Pytest is a software testing framework based on the Python programming language. It can be used to write various types of software tests, including unit tests, integration tests, end-to-end tests, and functional tests. Pytest has been described as a scalable framework with less boilerplate code. Its features include parametrized testing, fixtures, assert re-writing, and test filtering
FastAPI provides built-in functionality for testing API end point using pytest and httpx library to create a test client.
This plugin produces coverage reports. Compared to just using coverage run this plugin has extras features, and works well out of the box with tox and other tools.
Flake8 is a Python linter, which ensures that the code follows pep8 styling guide, such as spaces, indentation, etc.
Mypy is an optional static type checker for Python that aims to combine the benefits of dynamic (or "duck") typing and static typing. Mypy combines the expressive power and convenience of Python with a powerful type system and compile-time type checking. Mypy type checks standard Python programs; run them using any Python VM with basically no runtime overhead. It works very well with Pydantic plugin to make sure all the right types are used for functions and models.

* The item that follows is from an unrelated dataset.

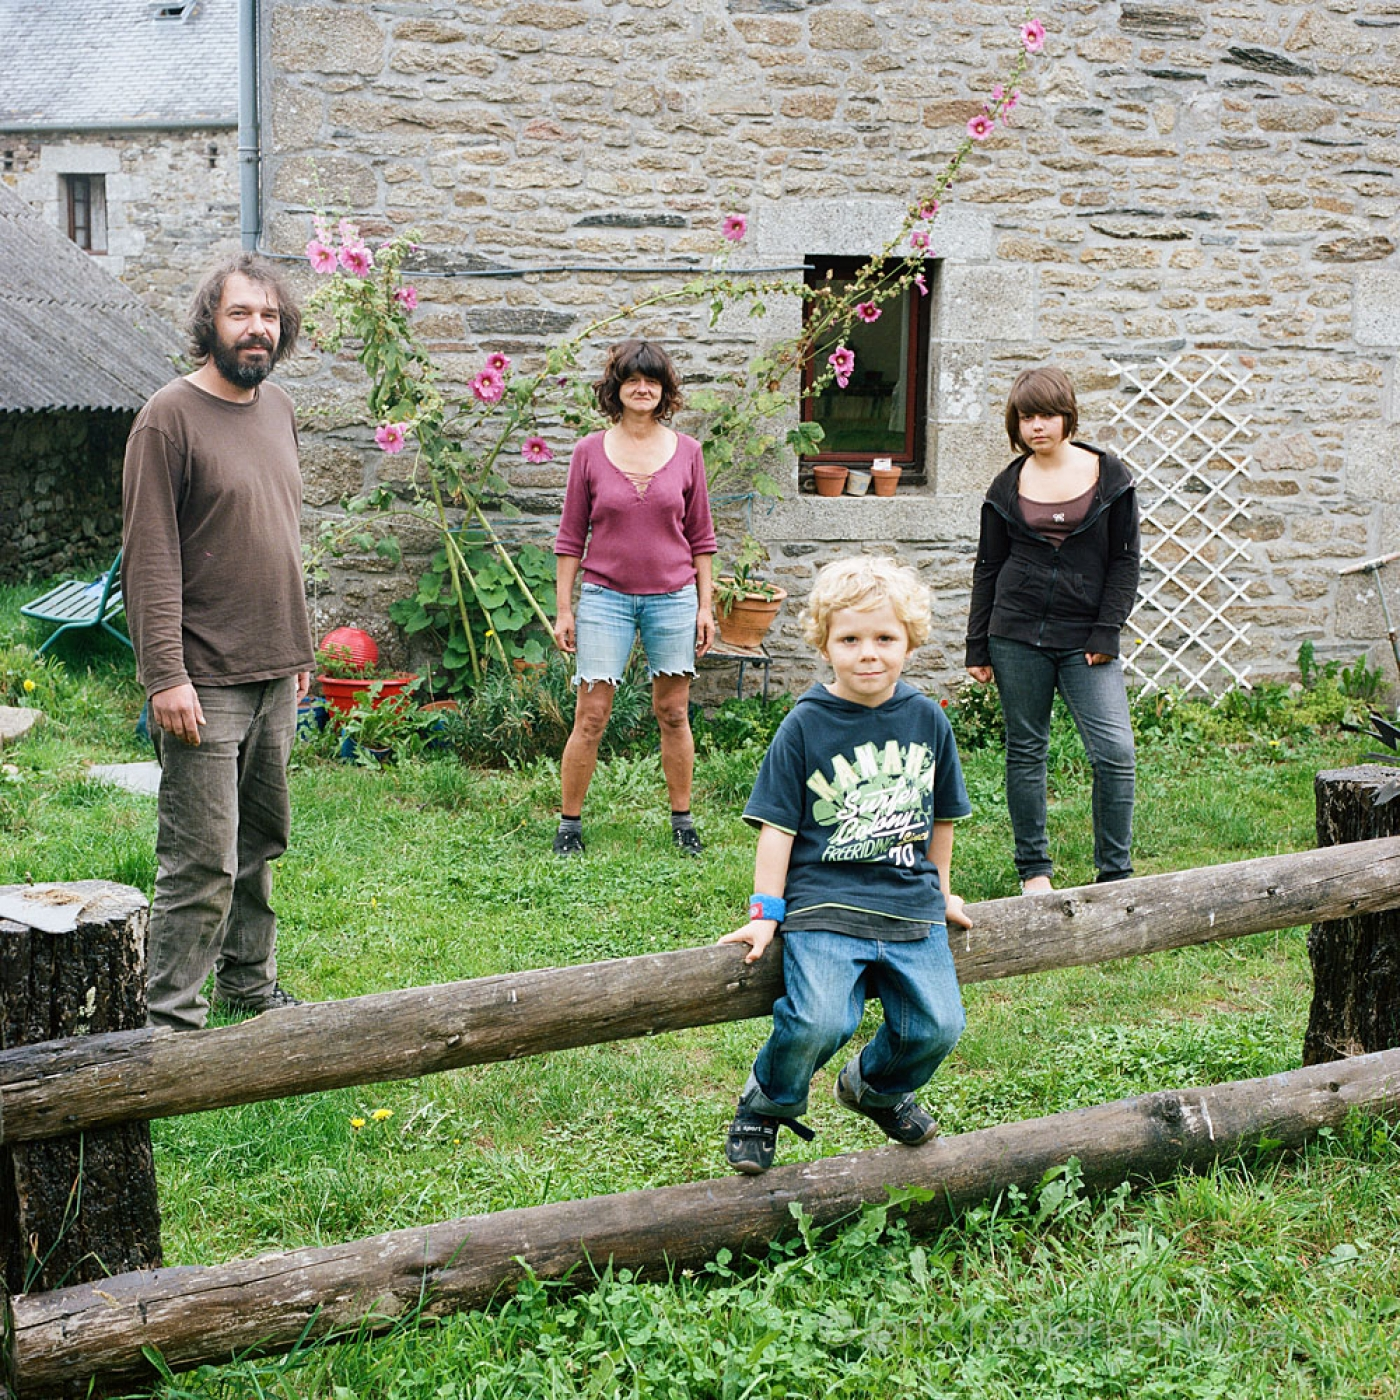 https://www.ericmalemanche.com/imagess/topics/les-bretons-de-l-argoat/liste/Bretons-Malemanche-006.jpg
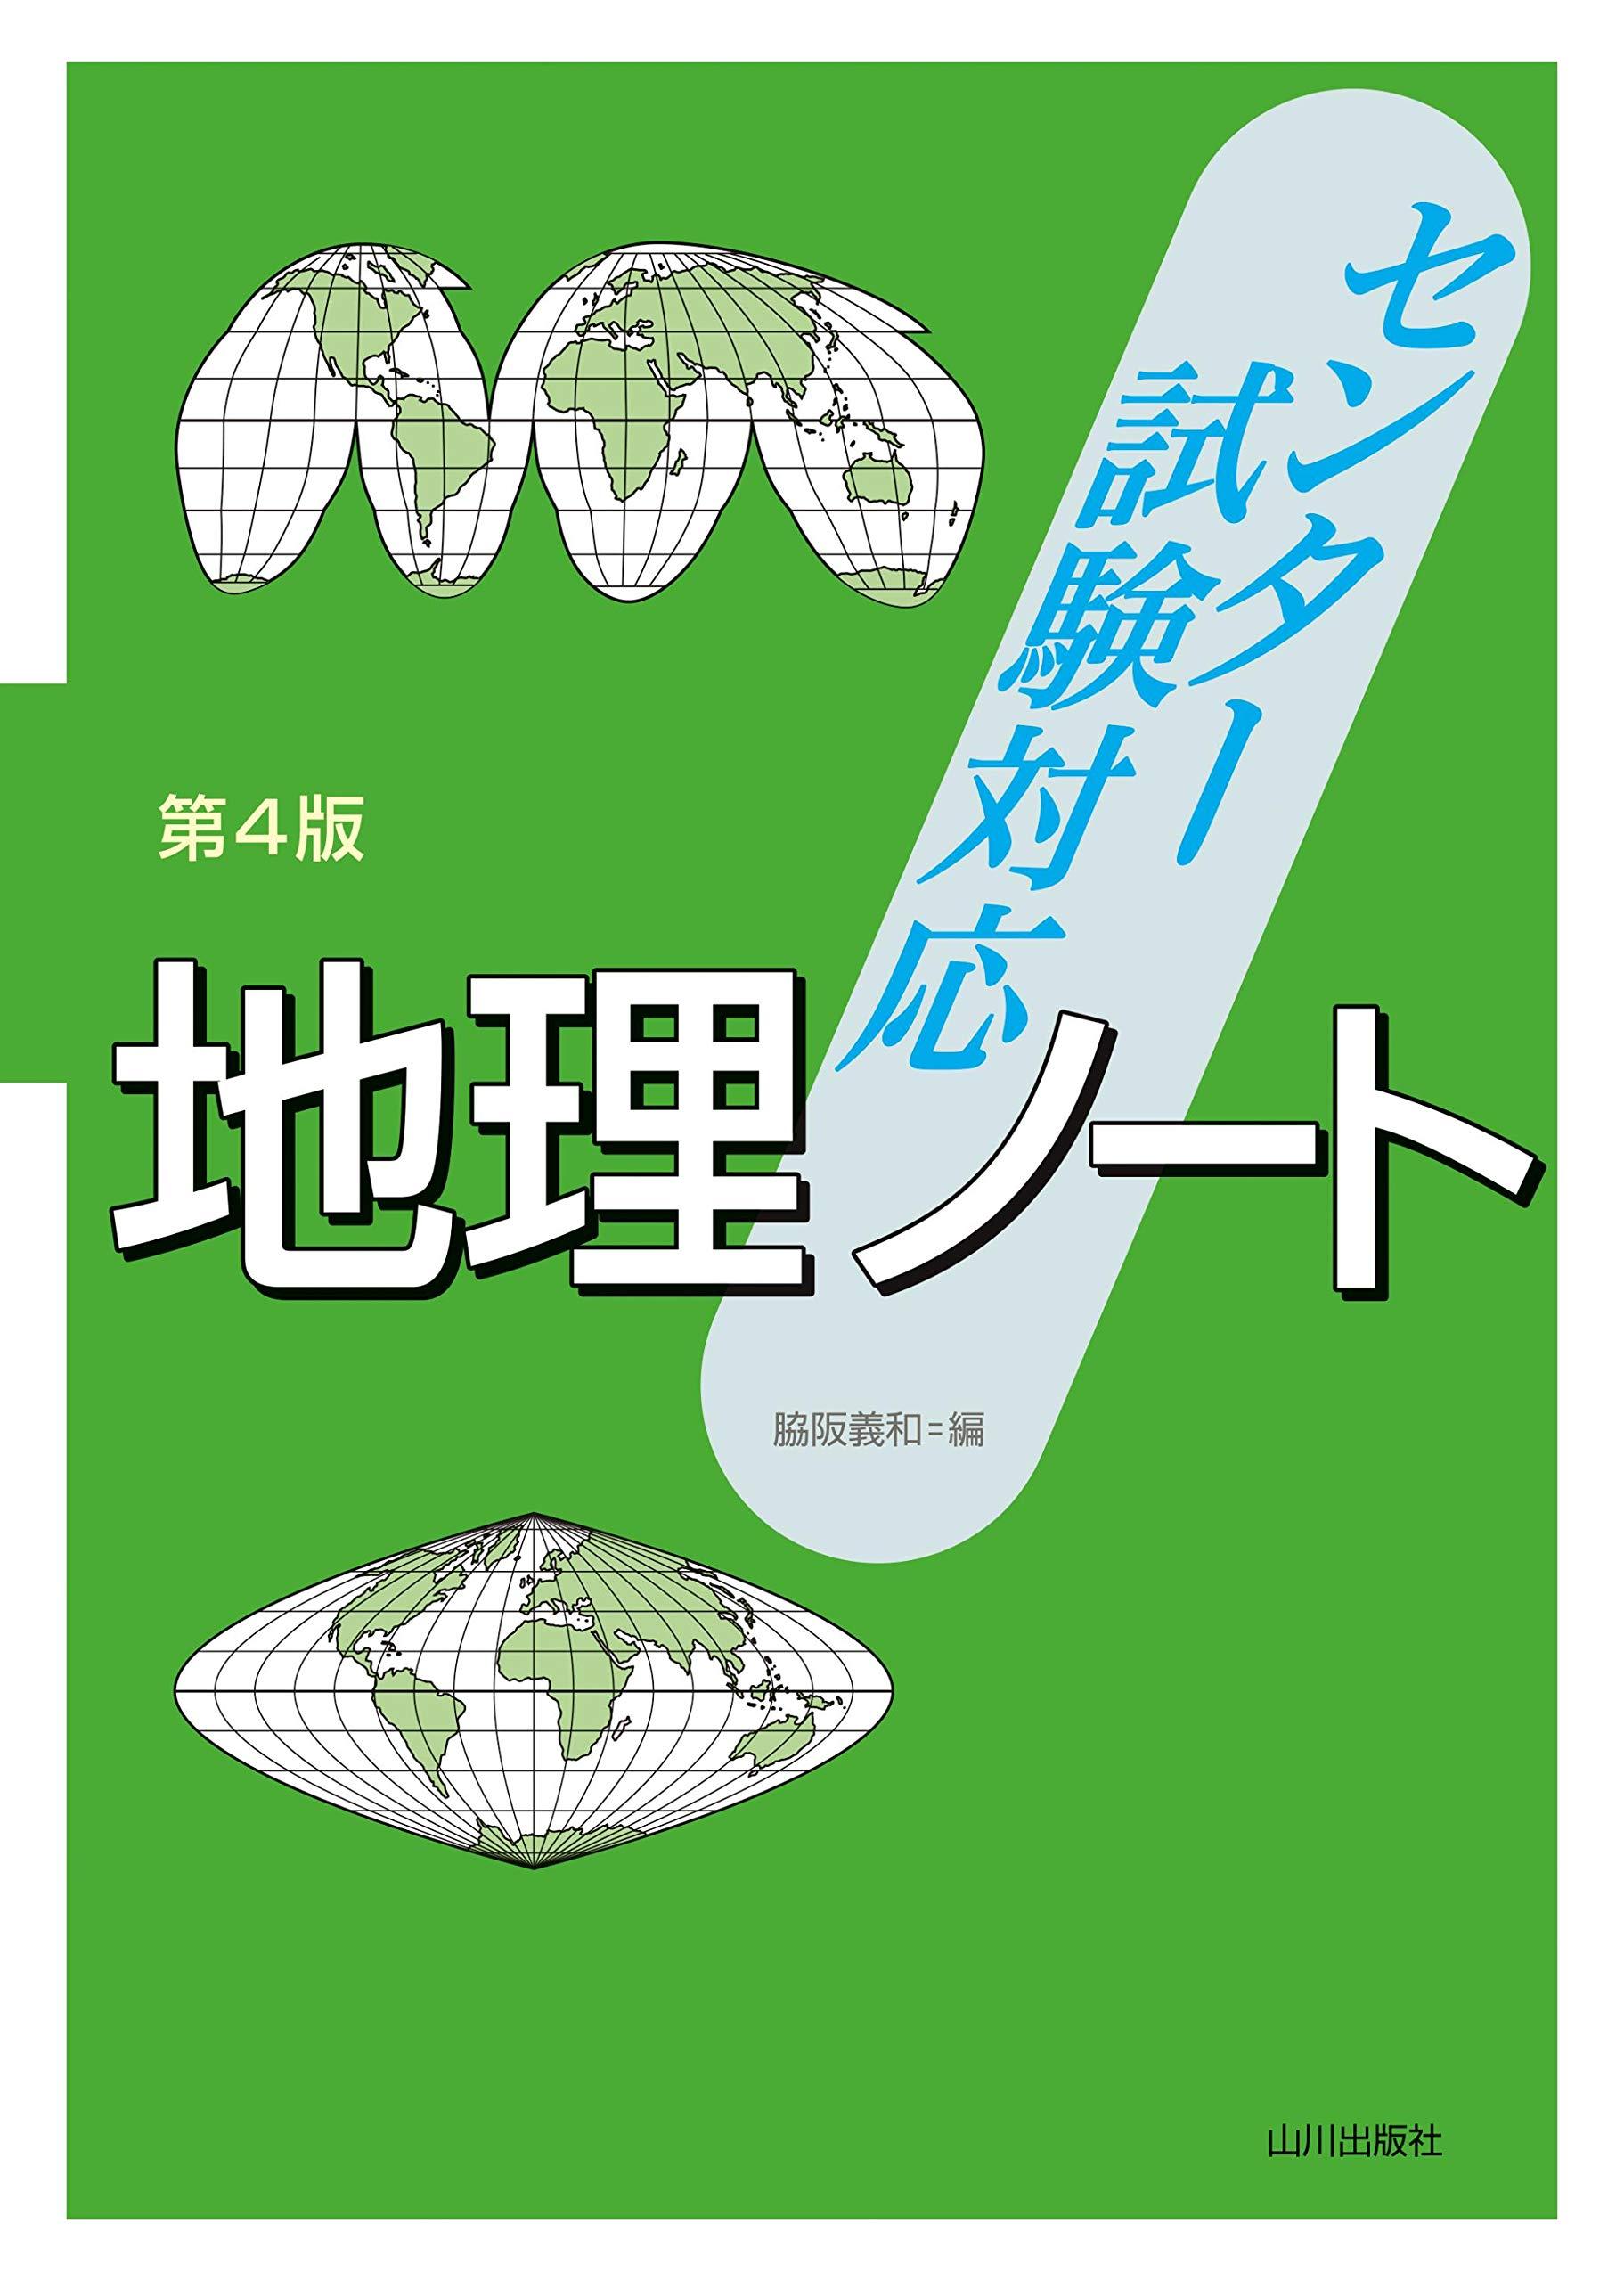 地理のおすすめ参考書・問題集「センター試験対応 地理ノート」

tox aims to automate and standardize testing in Python. It is a generic virtual environment management and test command line tool. tox allows us to create multiple virtual environments with different python versions and run multiple test, such as flake8, mypy, etc. Coupled with tox-gh-actions. It becomes a powerful tool that can help testing project on various systems automatically using GitHub Actions.
This Library is used for generating random data such as names, email, address, etc. It's useful for testing.
Distribution and packaging
This libraries are used for building and deploying the package
Setuptools provides powerful tools to handle package discovery, including support for namespace packages. It is built on top of Distutils. GitHub action will use setuptools to install all dependencies required for testing. With an addition of build the application can be easily deployed to various systems as a package, which simplifies the installation.
A simple, correct PEP 517 build frontend. By default, a source distribution is built from source and a binary distribution (wheel) is built from the distribution. This is recommended as it will ensure the distribution can be used to build wheels.
The result of this command will be a tar ball with all the code required to install and run the application.
Gunicorn 'Green Unicorn' is a Python WSGI HTTP Server for UNIX. It's a pre-fork worker model. The Gunicorn server is broadly compatible with various web frameworks, simply implemented, light on server resources, and fairly speedy.
WSGI applications are a single, synchronous callable that takes a request and returns a response. This doesn’t allow for long-lived connections, like you get with long-poll HTTP or WebSocket connections, which WSGI doesn't support well. So we use uvicorn workers controlled by gunicorn process. Combination with NGINX as a reverse-proxy, it handles all of the connection and communication between client and the API application.
Uvicorn is an ASGI web server implementation for Python. It supports HTTP/1.1 and WebSockets. However it has some limitations in terms of compatibility(The uvloop implementation provides greater performance, but is not compatible with Windows or PyPy) and for production deployment purposes. Although, the uvicorn can be used for development, it is recommended to use Gunicorn for deployment,
Run uvicorn --reload from the command line for local development.
Run gunicorn -k uvicorn.workers.UvicornWorker for production.